A particular set of preferences could in priniciple be deemed "good" by everyone, even when no one has them. The starship-building species of Terry Jones' "Starship Titanic" novel all pretended to love "fishpaste", even though they absolutely hated it, as a matter of planetary pride.
This is taste in the sense of fashion - with the denial that it is fashion. "Good taste never goes out of style", "Fashions come and go but taste remains", etc.
You could define a snob as someone who pretends to others and themselves...to have the tastes which they think would make other people admire them. Yes, a snob is both a sycophant and a con artist whose marks include themselves. Tangled web? What tangled web?
This notion of taste is of relatively unchaning likes. It would be surprising to hear "He has bad taste in clothes this week, but had good taste last week".

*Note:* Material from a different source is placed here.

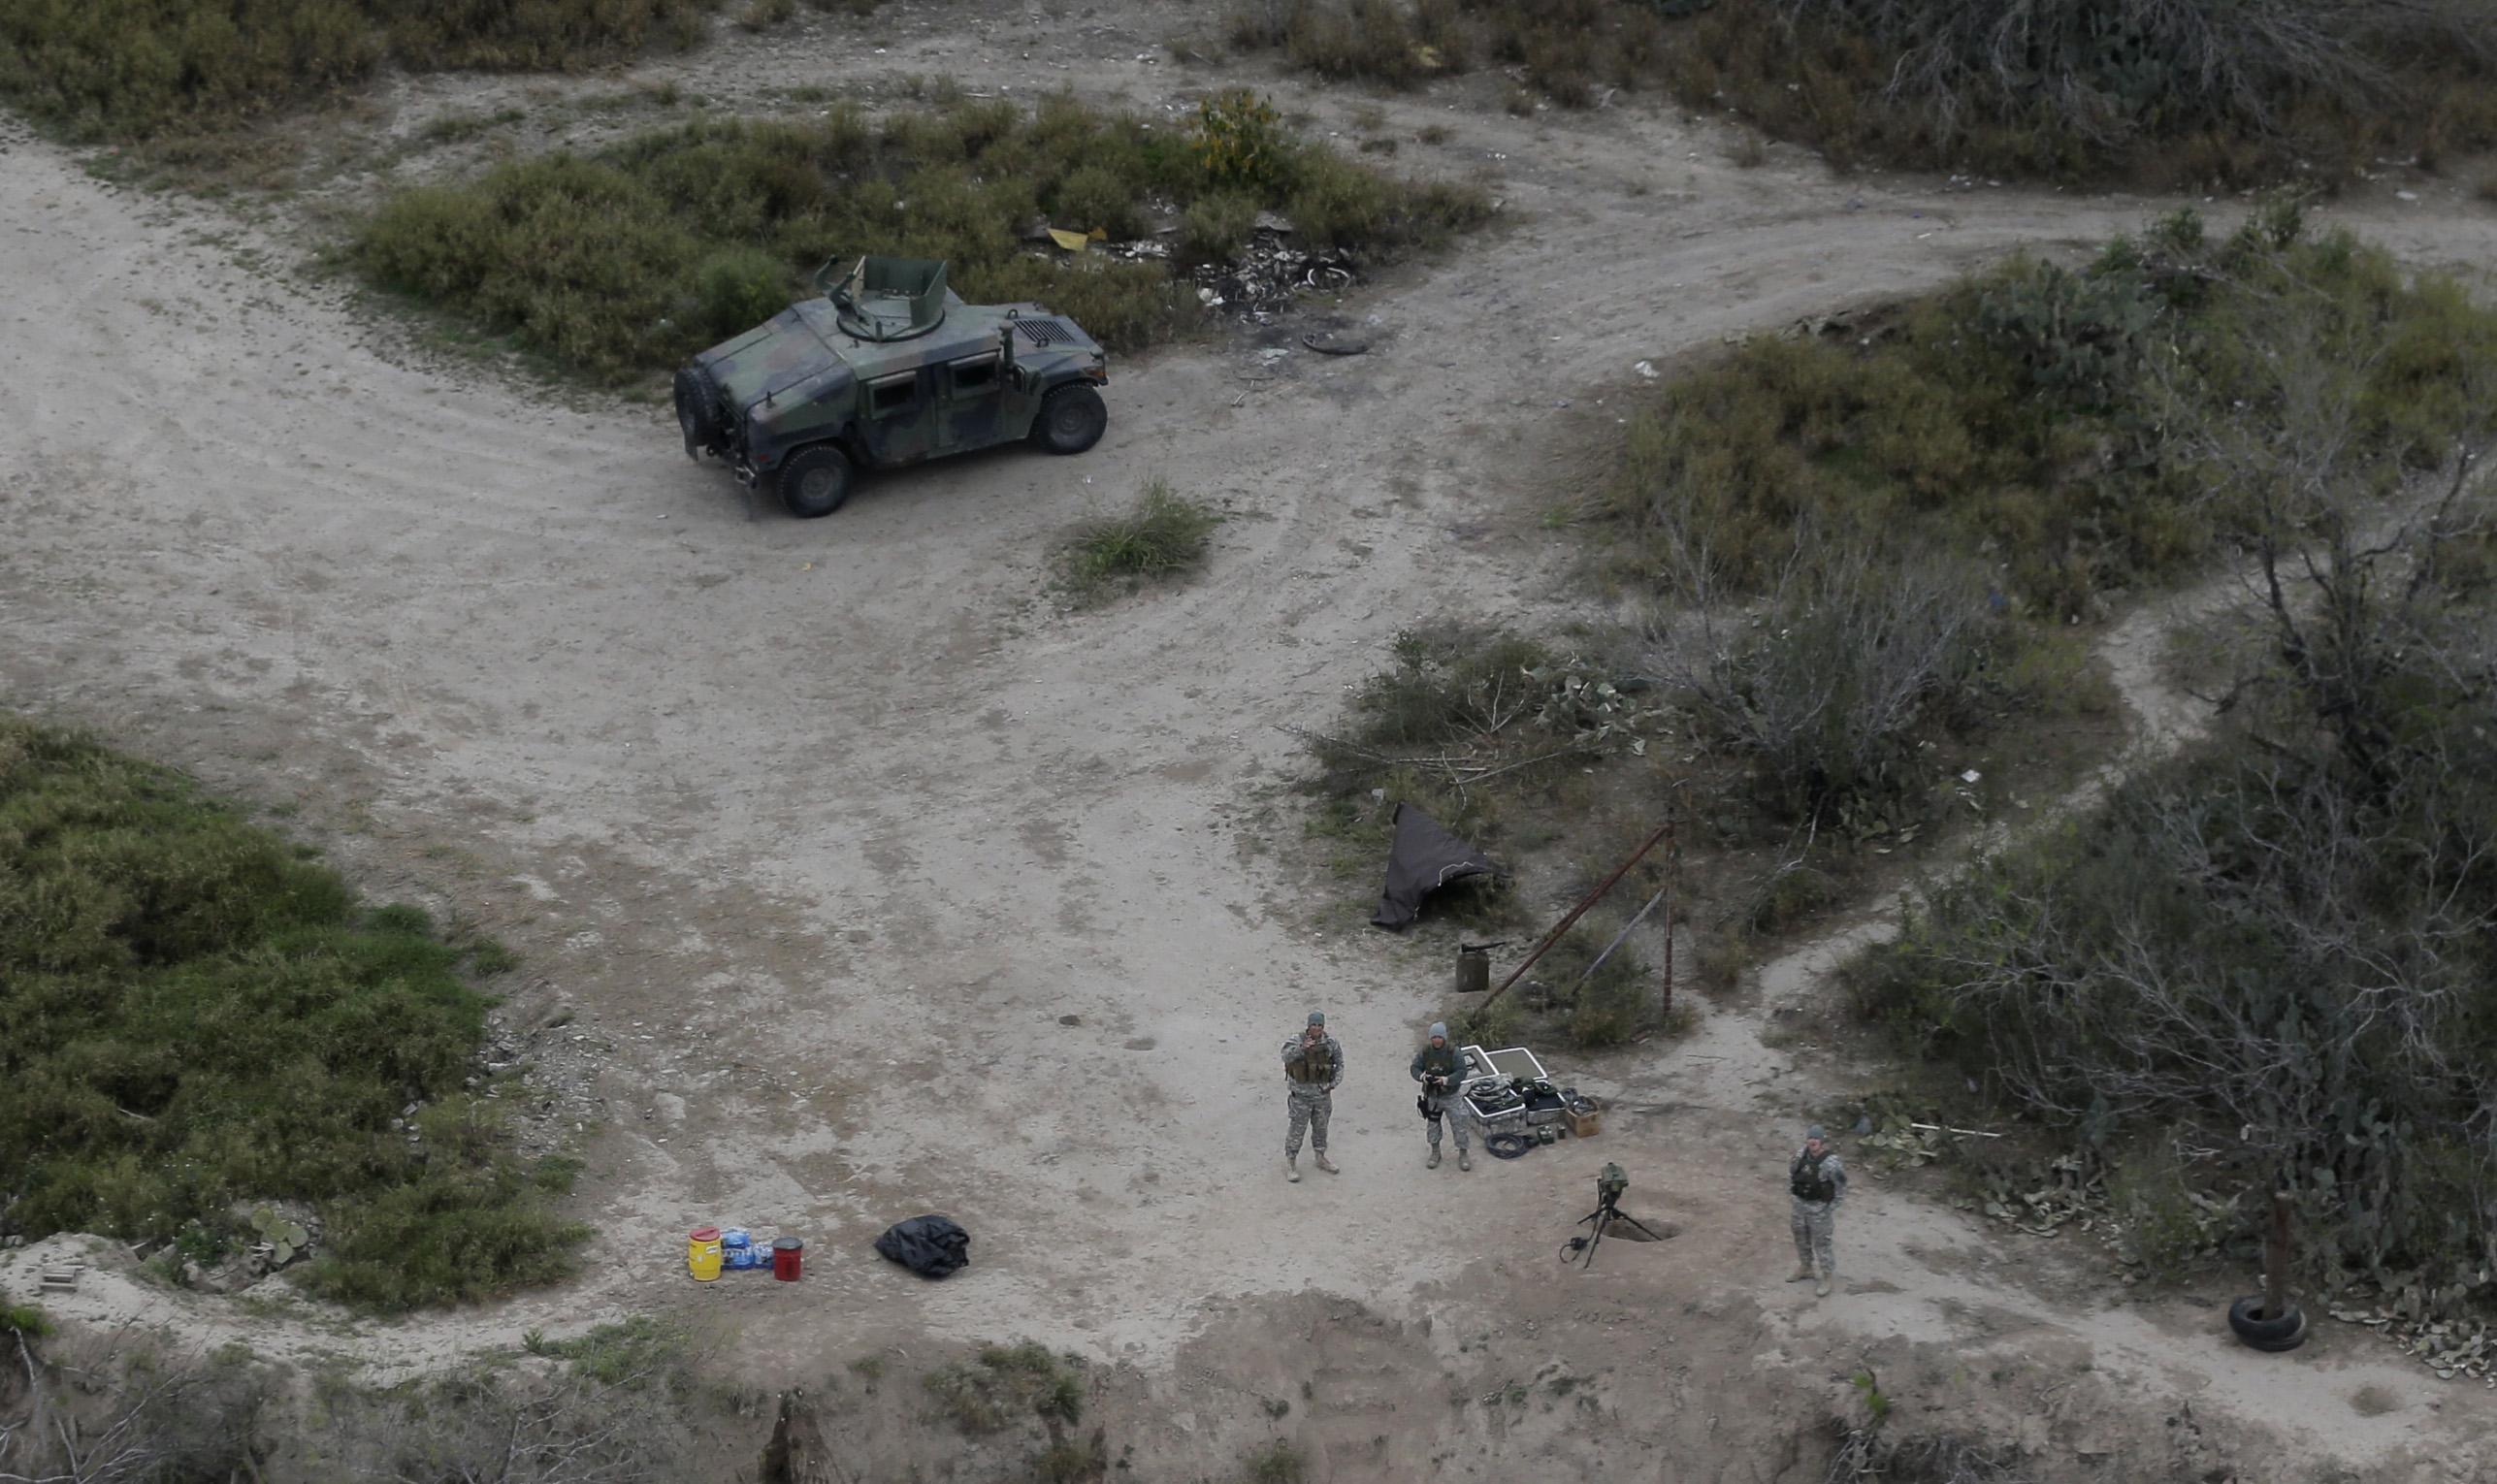 <p>Members of the National Guard patrol along the Rio Grande at the Texas-Mexico border, Tuesday, Feb. 24, 2015, in Rio Grande City, Texas.</p>

This idea of taste is of who you are generally, not what you're doing at the moment. "A morbid taste for bones", "It's just the way I am - my taste" etc.
But included in the notion is that who you are can change, and thereafter last a long time. "You need to change your taste in men", "He won't stop - He's gotten a taste for it now" etc.
This is taste as in personal preference - a preference that defines the person.
And yet it's perfectly true to say that my taste in tea goes in phases. This month, I'm into white tea. In the past it's been lemon tea, or green tea, or just plain black tea.
We don't have a clear notion for a personal anti-taste - you might encourage someone to develop a taste for Beethoven, but would you encourage them to develop a distaste for Bach? You might think it wrong that an older man has a taste for younger women, but would you think it right that he become repulsed by them?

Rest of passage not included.